Bug #41662 corruption of relay logs
Submitted: 21 Dec 2008 4:15 Modified: 22 Dec 2008 9:45
Reporter: Gerald Nowitzky Email Updates:
Status: Not a Bug Impact on me:
None 
Category:MySQL Server: Replication Severity:S1 (Critical)
Version:5.0.72 OS:Linux (gentoo )
Assigned to: CPU Architecture:Any

[21 Dec 2008 4:15] Gerald Nowitzky
Description:
As I can't reopen a bug, I open a new one. bug #26489 doesn't seem to be fixed.
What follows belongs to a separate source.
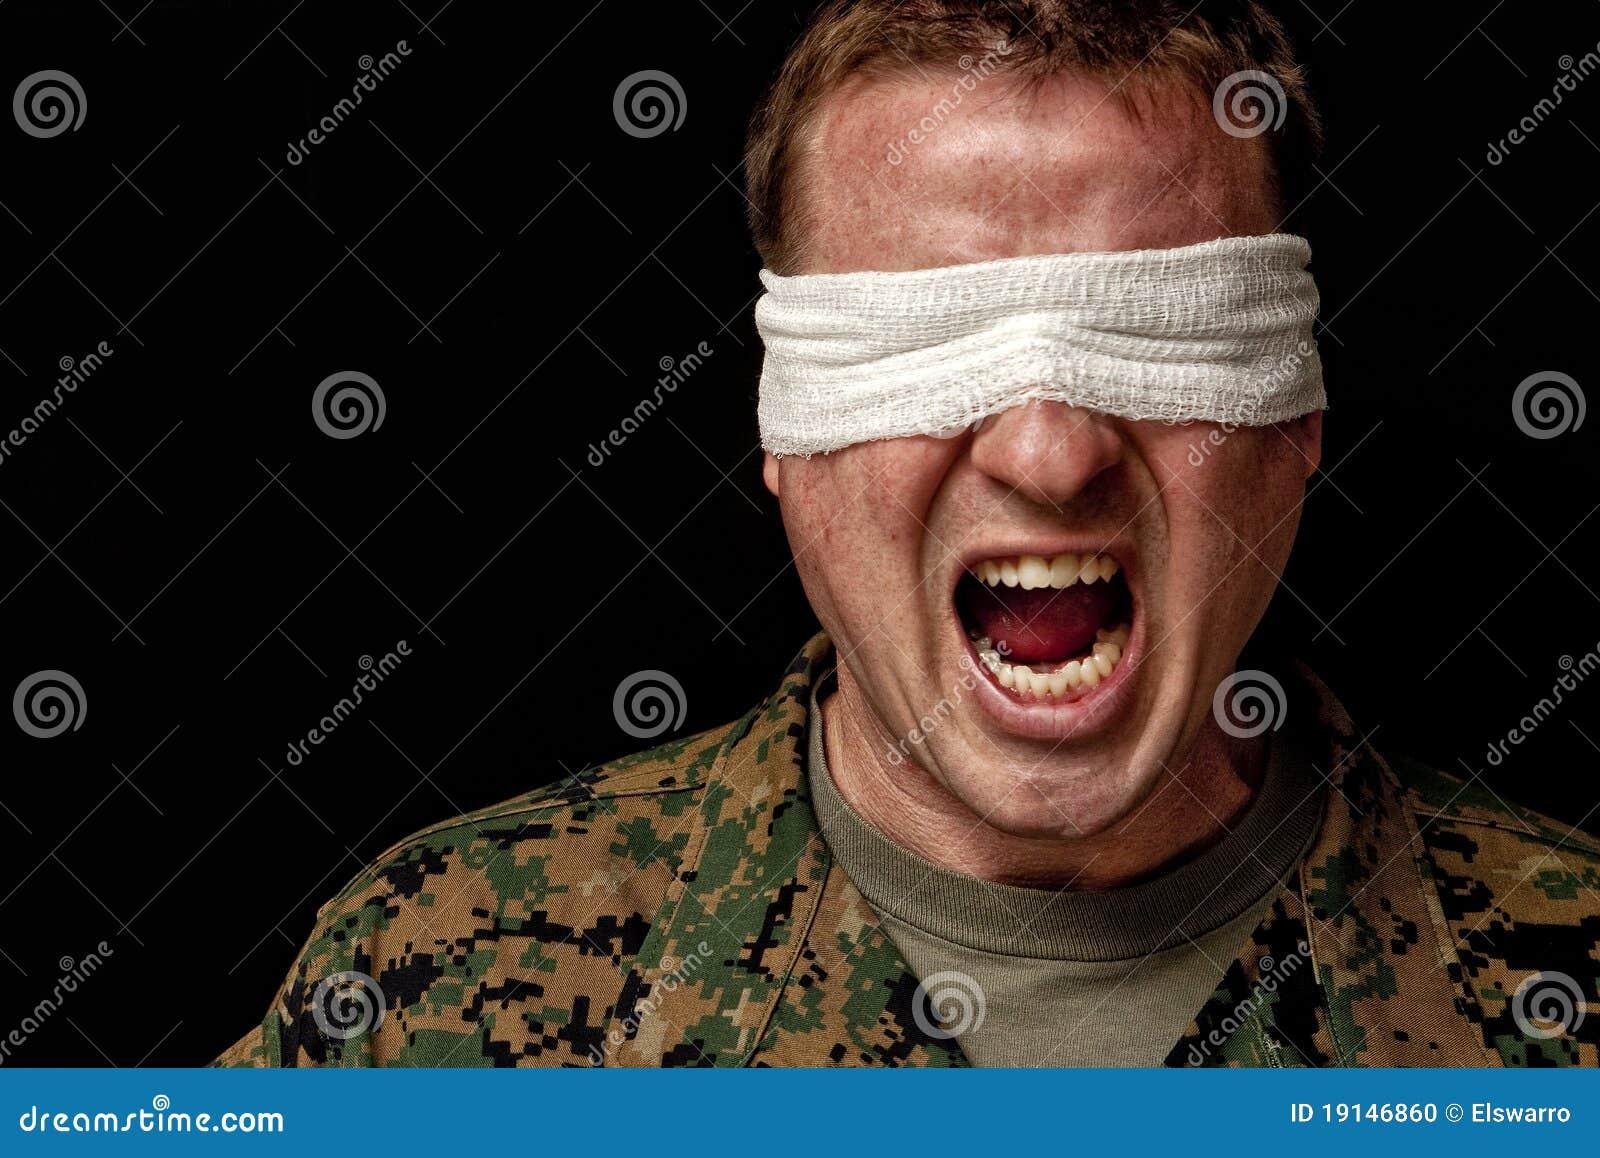 Soldat leidet unter PTSD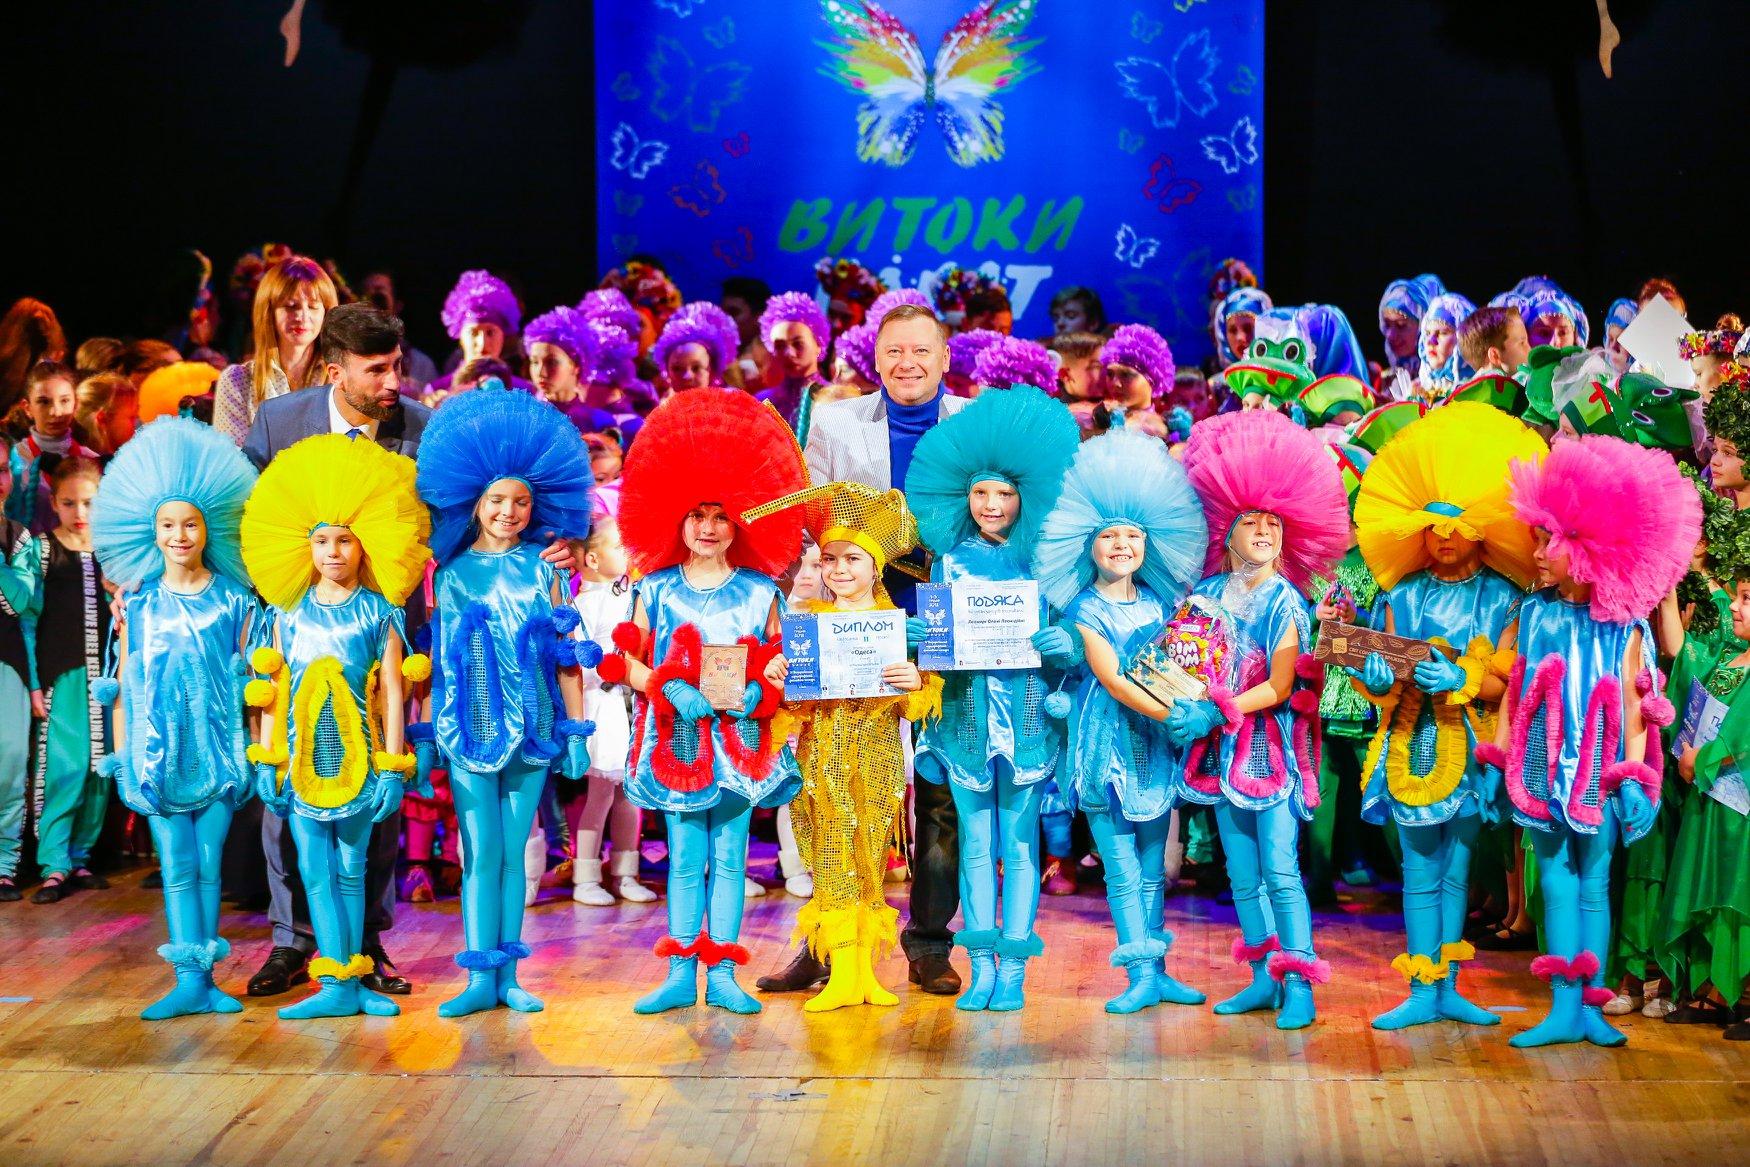 Витоки-Dance 2018 г. Одесса

I still see the slave stopping with the same symptoms in the mysqld log:

081220  2:40:05 [ERROR] Error reading packet from server: Lost connection to MySQL server during query ( server_errno=2013)
081220  2:40:05 [Note] Slave I/O thread: Failed reading log event, reconnecting to retry, log 'mysqld-db1n-bin.000951' position 994185738
081220  2:40:05 [Note] Slave: connected to master 'repli@db1n:3306',replication resumed in log 'mysqld-db1n-bin.000951' at position 994185738

and then:

081220  3:04:55 [ERROR] Slave: Error 'You have an error in your SQL syntax; check the manual that corresponds to your MySQL server version for the right syntax to use near '5' at line 3' on query. ---
081220  3:04:55 [ERROR] Error running query, slave SQL thread aborted. Fix the problem, and restart the slave SQL thread with "SLAVE START". We stopped at log 'mysqld-db1n-bin.000951' position 994184266

The occurence of this bug in my case doesn't have anything to do with network outages. I see it on a Server at a time where this server has very high load (cpu and IO) due to a multi-threaded java-process.

How to repeat:
run replication under heavy IO/CPU load on the slave

Suggested fix:
rework patch on bug #26489
[22 Dec 2008 6:24] Sveta Smirnova
Thank you for the report.

Did you upgrade both master and slave?
[22 Dec 2008 9:23] Gerald Nowitzky
Only the slave is updated to 5.0.72. The master is 5.0.51. However, the master logs are intact, as only one slave fails at a time and can be repaired with set_master_log_pos=xxxx.
[22 Dec 2008 9:45] Sveta Smirnova
Thank you for the feedback.

Fix for bug #26489 is in the part of replication that runs on the master. So you must upgrade master to get fix of this bug.

I set this report as "Not a Bug" because so, feel free to reopen it if you meet same problem after upgrading master.